PROBLEM TO WORK ON: Copy the lines below exactly. No picture goes into the copy.

DATA PROVIDED:
------

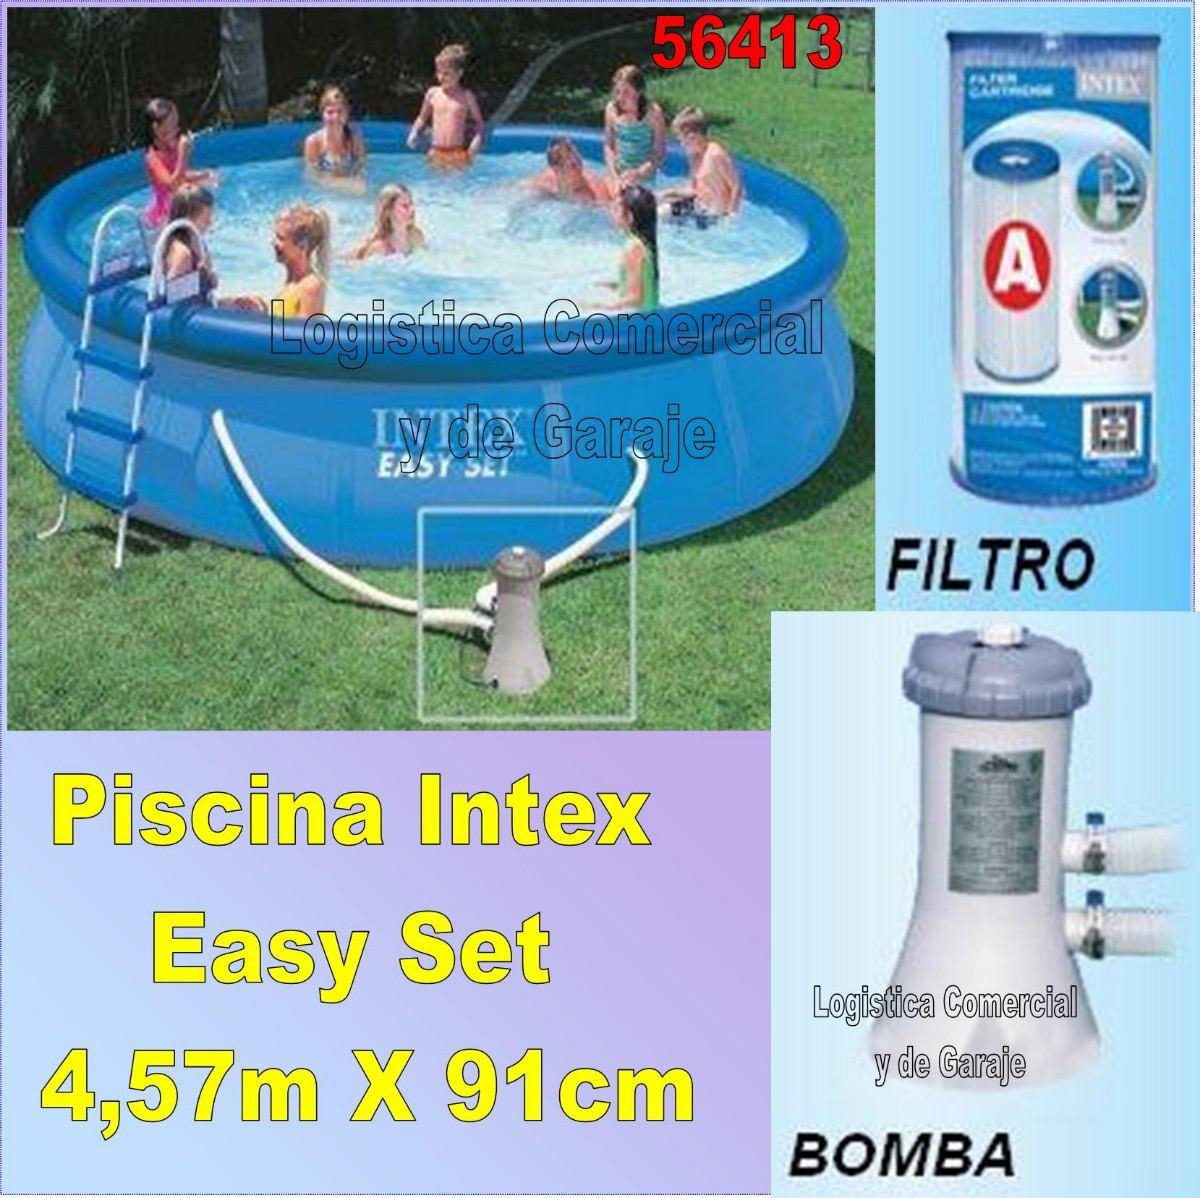 Piscina intex bestway 457x91cm bomba filtrante for X treme bombas piscinas
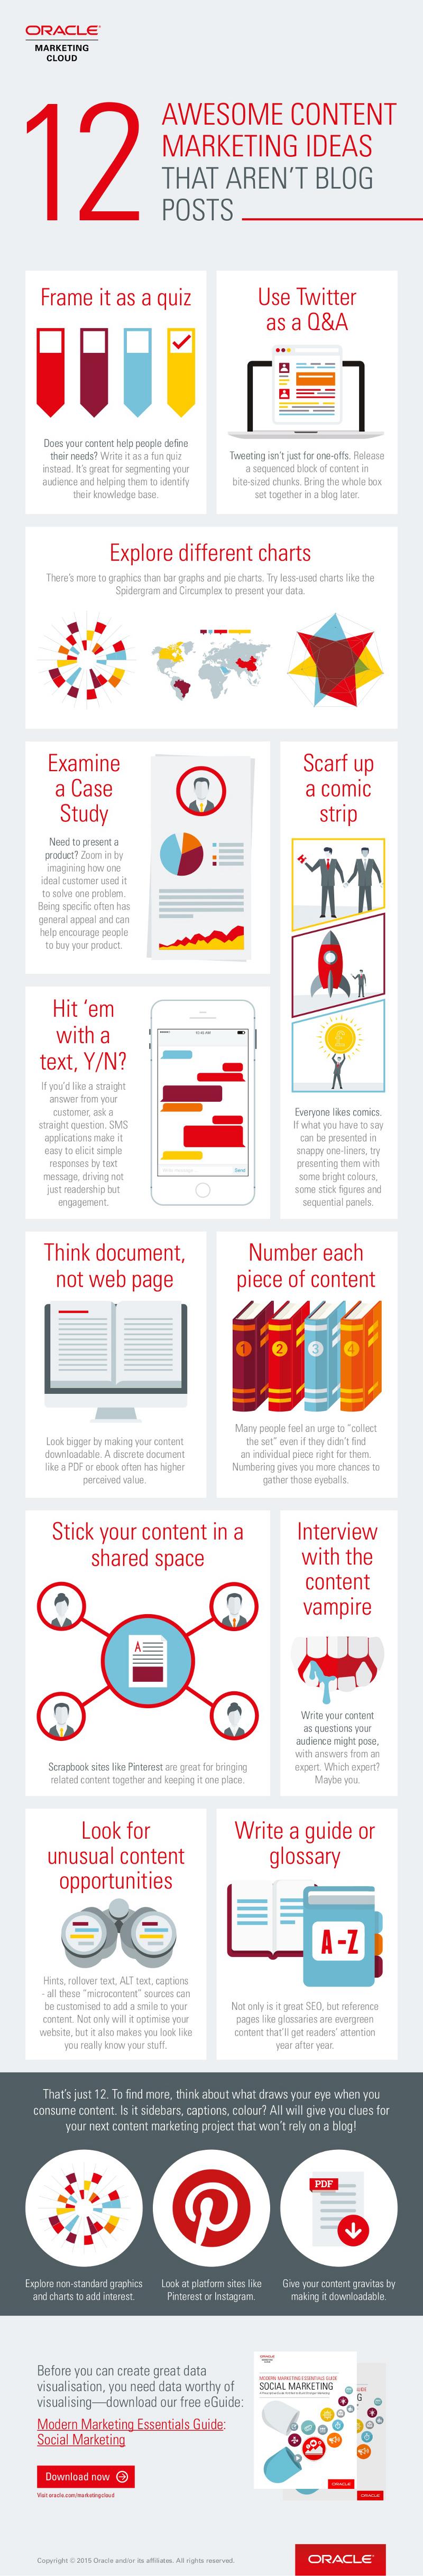 Content-Marketing-Ideas
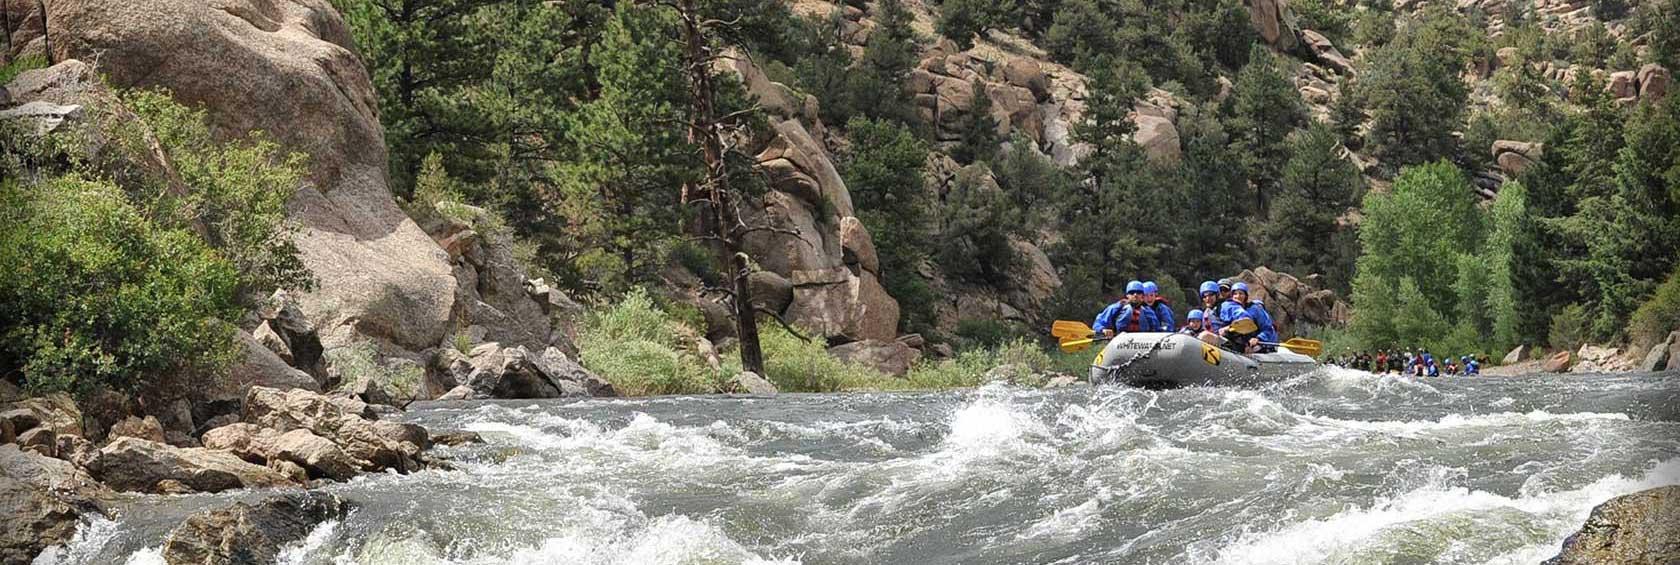 rafting-slider
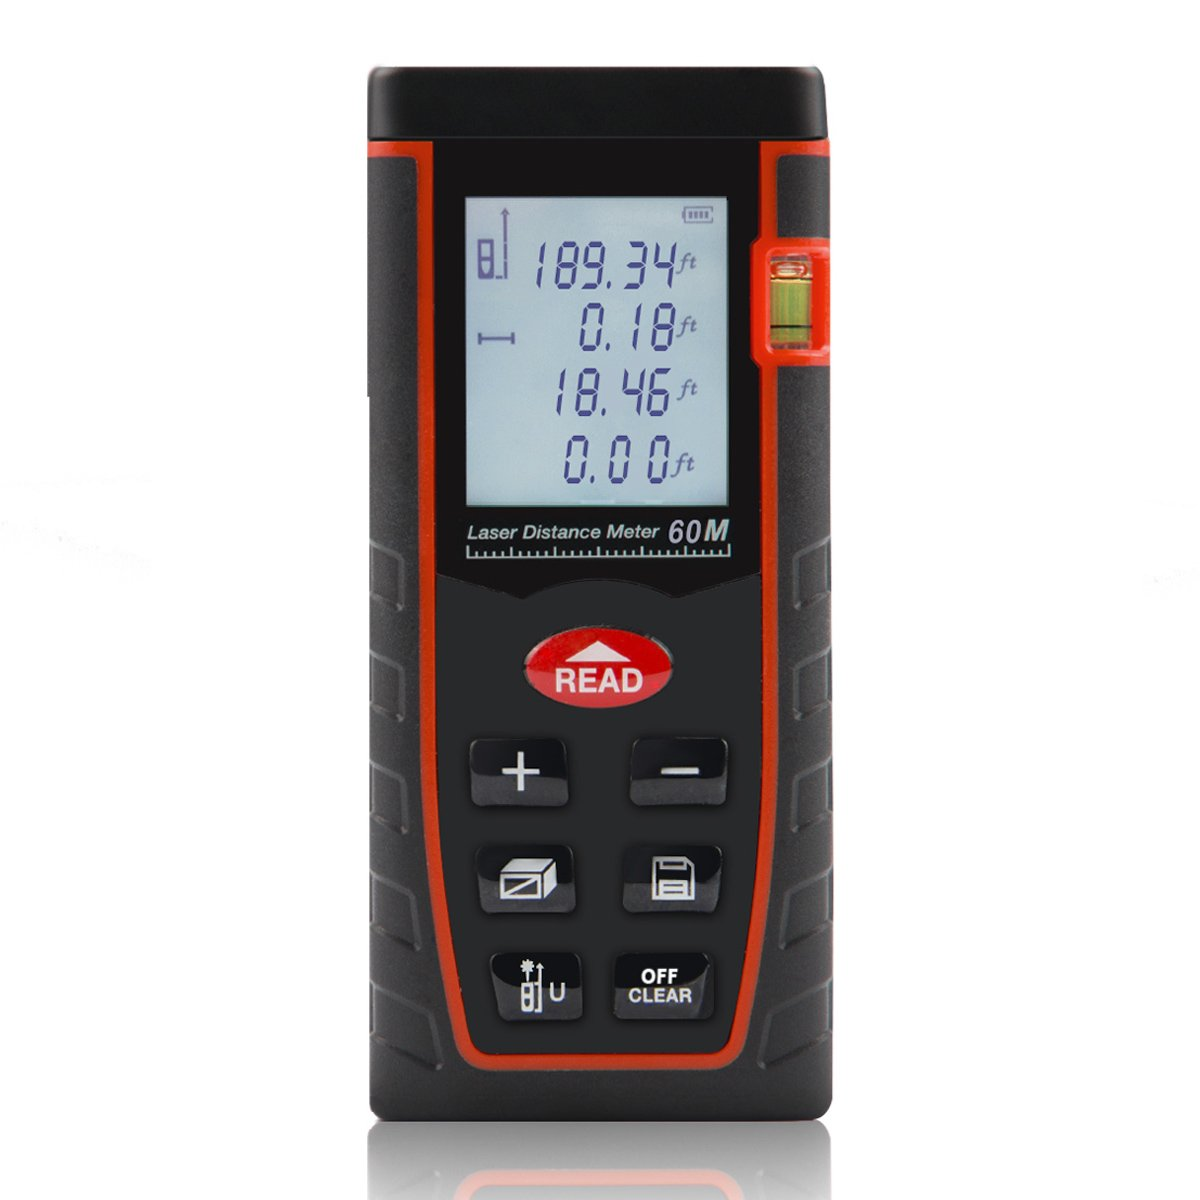 Bosch Japan Glm40 Laser Distance Measurer Meter 131 Feet 40 Meters Business Industrial Measuring Tapes Tools Alberdi Com Mx

------

EXPECTED ANSWER:
 Piscina intex bestway 457x91cm bomba filtrante for X treme bombas piscinas
 Content-Marketing-Ideas
 rafting-slider
 Bosch Japan Glm40 Laser Distance Measurer Meter 131 Feet 40 Meters Business Industrial Measuring Tapes Tools Alberdi Com Mx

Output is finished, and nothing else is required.